In the United States, the lone star tick is the primary species linked to alpha-gal syndrome, but in Australia, the paralysis tick has been associated with the condition. Not everyone who is bitten develops the allergy, and researchers still don’t fully understand why some people are affected and others are not. The allergy can persist for months or years after a bite, and repeated tick bites appear to increase the risk.
Other Infections Ticks Can Carry
The paralysis tick has been shown to harbor several potential human pathogens, including bacteria in the Rickettsia family. However, the actual risk of infection for a person bitten by this tick is still not well established. Research on ticks collected from the central coast of New South Wales confirmed the presence of these microorganisms, but how frequently they cause illness in humans remains an open question. The paralysis and allergic risks are currently considered more significant than the infectious disease risk for this species.
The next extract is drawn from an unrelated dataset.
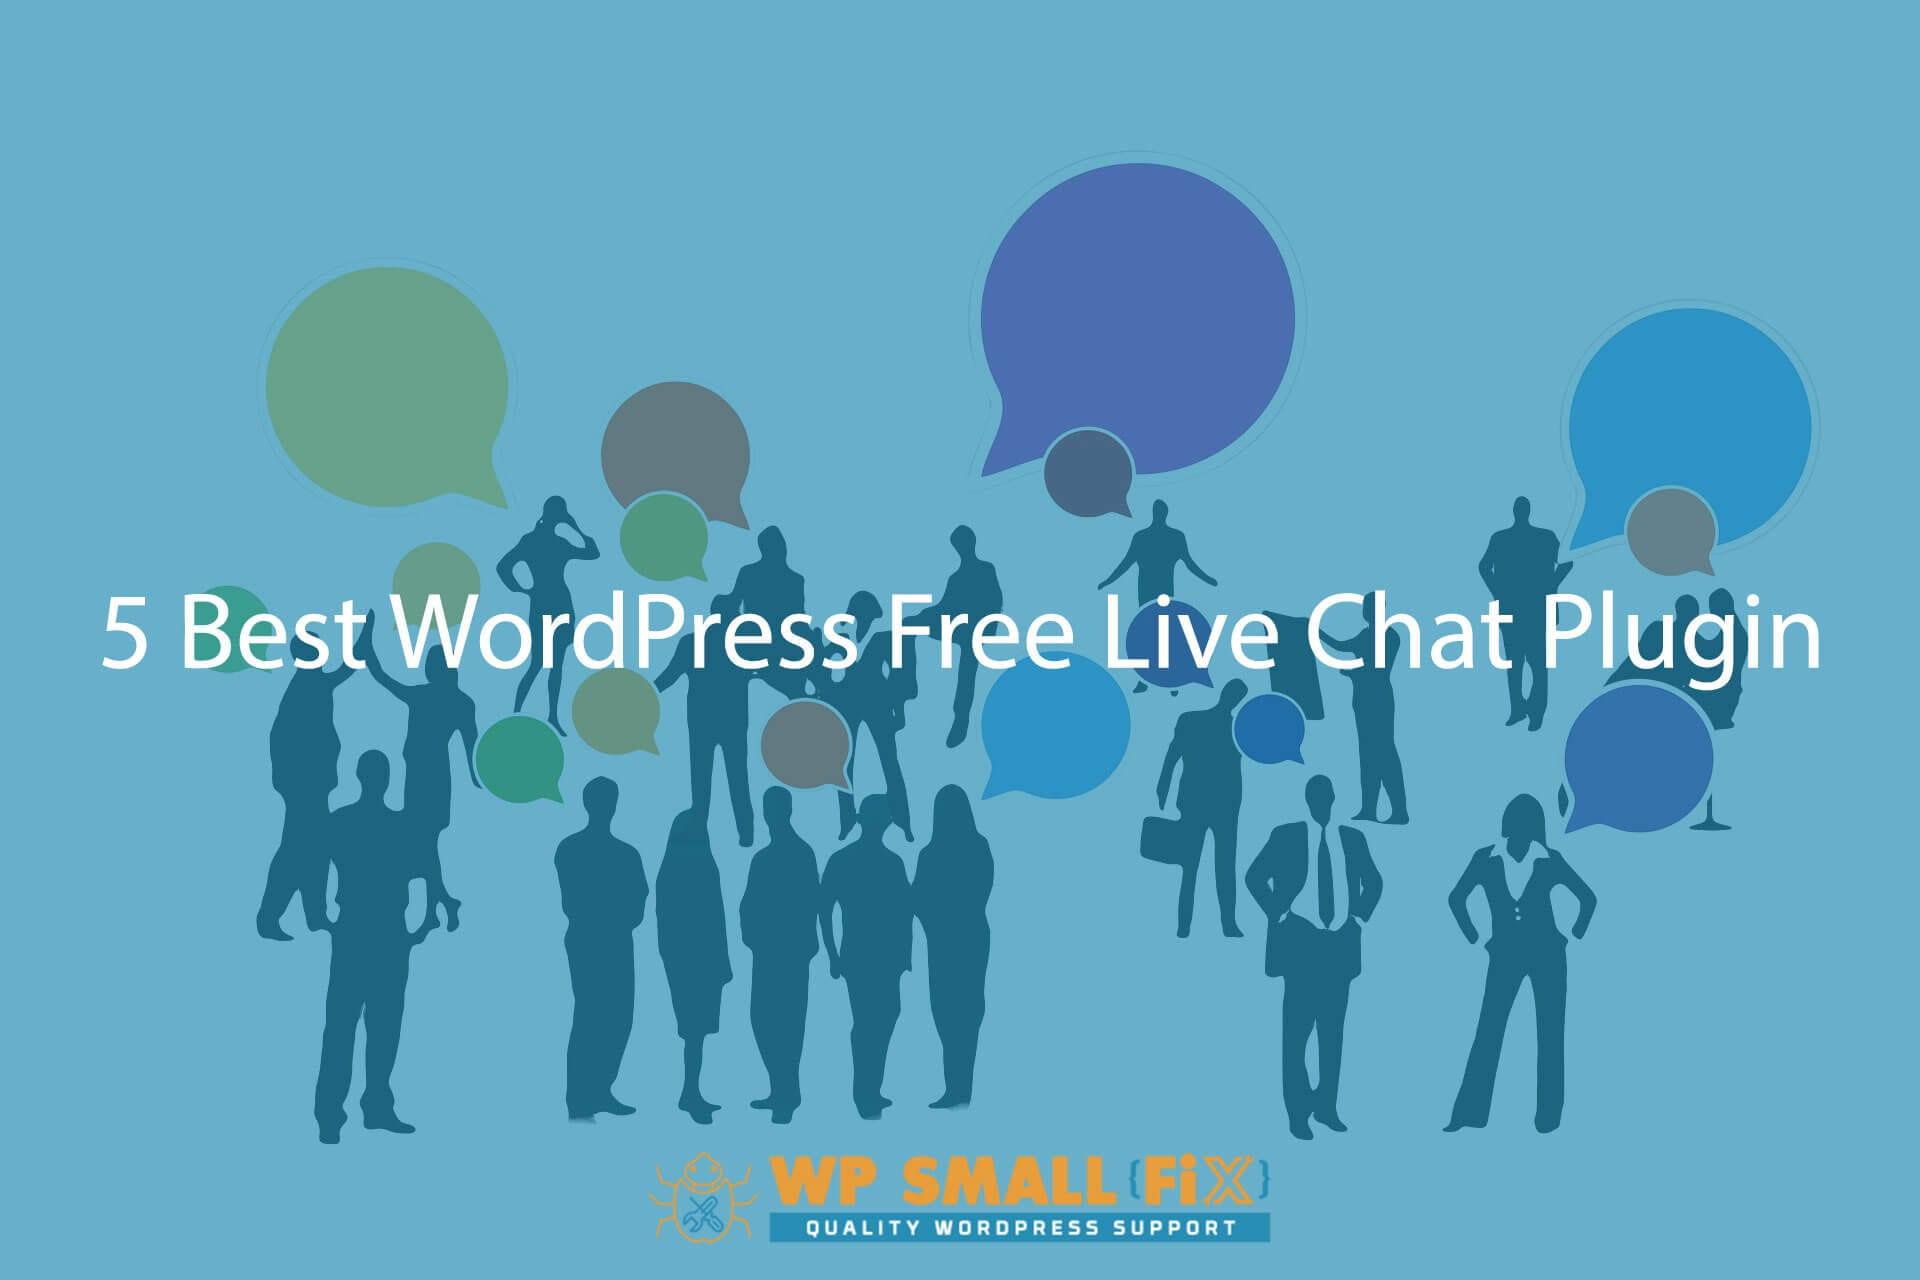 5-Best-WordPress-Free-Live-Chat-Plugin

How to Safely Remove a Tick
The single most important rule: do not squeeze, twist, or agitate an attached tick. Disturbing a tick causes it to inject more saliva, and more saliva means more toxin and a greater chance of allergic reaction. The official Australian guidance is straightforward: freeze it, don’t squeeze it.
For adult ticks you can see, use an ether-containing freeze spray (available at pharmacies) to kill the tick in place on the skin. Spray the tick, let it die, and allow it to drop off naturally. Do not attempt to pick it out with household tweezers, fingernails, or tick-removal gadgets. Even levering the tick out with fine-tipped tweezers without killing it first is not considered safe, because this method does not prevent allergic reactions or anaphylaxis.
If you don’t have a freeze spray available, leave the tick undisturbed and get to a doctor or emergency department as quickly as possible for safe removal.
Danger to Dogs and Cats
Pets, particularly dogs, are highly susceptible to tick paralysis from the Australian paralysis tick. Signs usually appear 5 to 9 days after a tick attaches. You’ll notice weakness in the hind legs first, progressing to the front legs and eventually all four limbs. Australian cases tend to be more severe and faster-moving than tick paralysis in other parts of the world, with full paralysis of all legs developing within hours in some animals.
Other warning signs in pets include drooling, difficulty swallowing, regurgitation, changes in bark or meow, and jaw weakness. In severe cases, the muscles that control breathing can become paralyzed. Sudden deaths have also been reported in the weeks following apparent recovery, which is why veterinarians typically recommend a strict two-week rest period after treatment. If your dog or cat shows hind-leg wobbliness during tick season, a thorough tick search and prompt veterinary care are critical.